Importantly, the favorable efficacy observed with combined SBRT and immunotherapy in our cohort was not associated with excess toxicity, consistent with growing evidence supporting the safety of this approach. We did not observe a signal that delivering SBRT during ongoing immunotherapy increased immune-related adverse events, consistent with prospective and retrospective series showing no clear amplification of high-grade toxicity with SBRT–ICI combinations compared with immunotherapy alone [
15,
29].
This study has several limitations. First, its retrospective, single-center design introduces potential selection bias, limits causal inference, and may reflect institutional treatment practices. Second, the relatively small sample size, particularly in subgroup analyses, reduces the power to detect meaningful differences. Third, the cohort consisted of patients selected for both immunotherapy and metastasis-directed SBRT, with good performance status, limited metastatic burden, and an estimated life expectancy of at least six months. Therefore, these patients likely represent a clinically and biologically favorable subgroup, which may limit generalizability to less selected populations.
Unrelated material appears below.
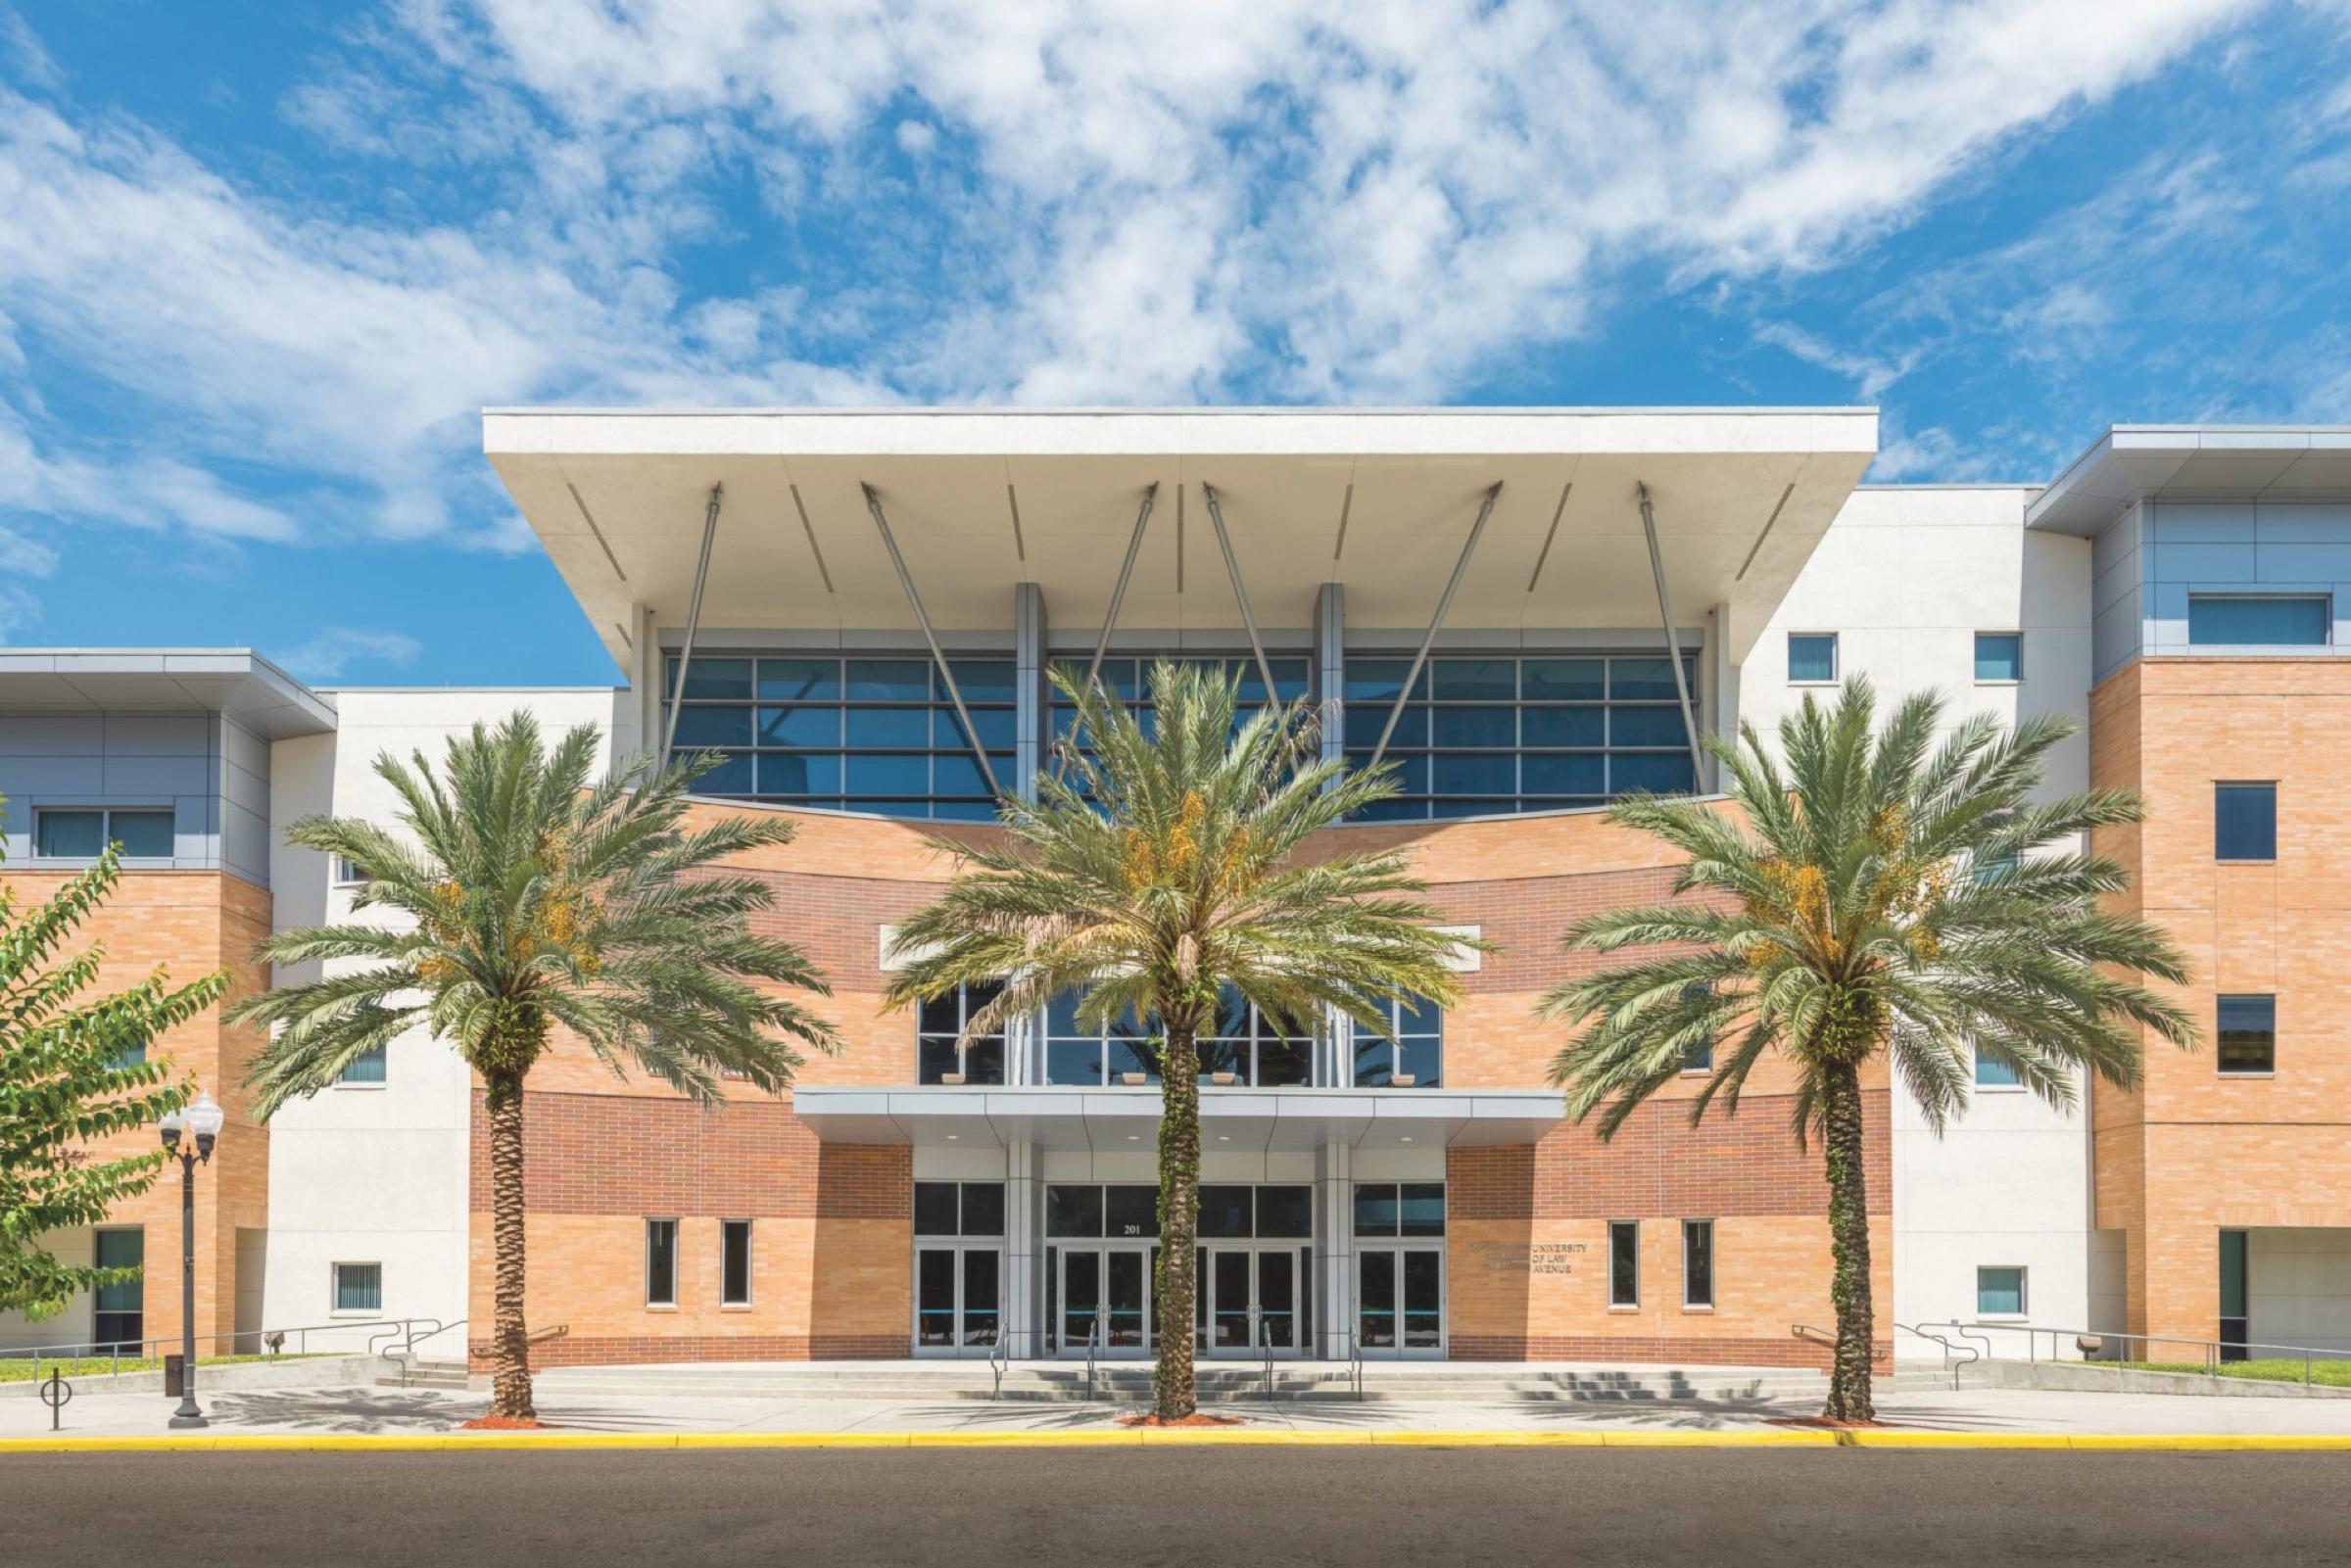 Florida A&M University (FAMU) College of Law

In addition, a contemporaneous immunotherapy-only control group was not available; thus, this study cannot determine whether SBRT provides a survival advantage over systemic therapy alone. Accordingly, our findings should be interpreted as hypothesis-generating and supportive of prospective evaluation, particularly regarding patient selection and the optimal timing of SBRT relative to immunotherapy.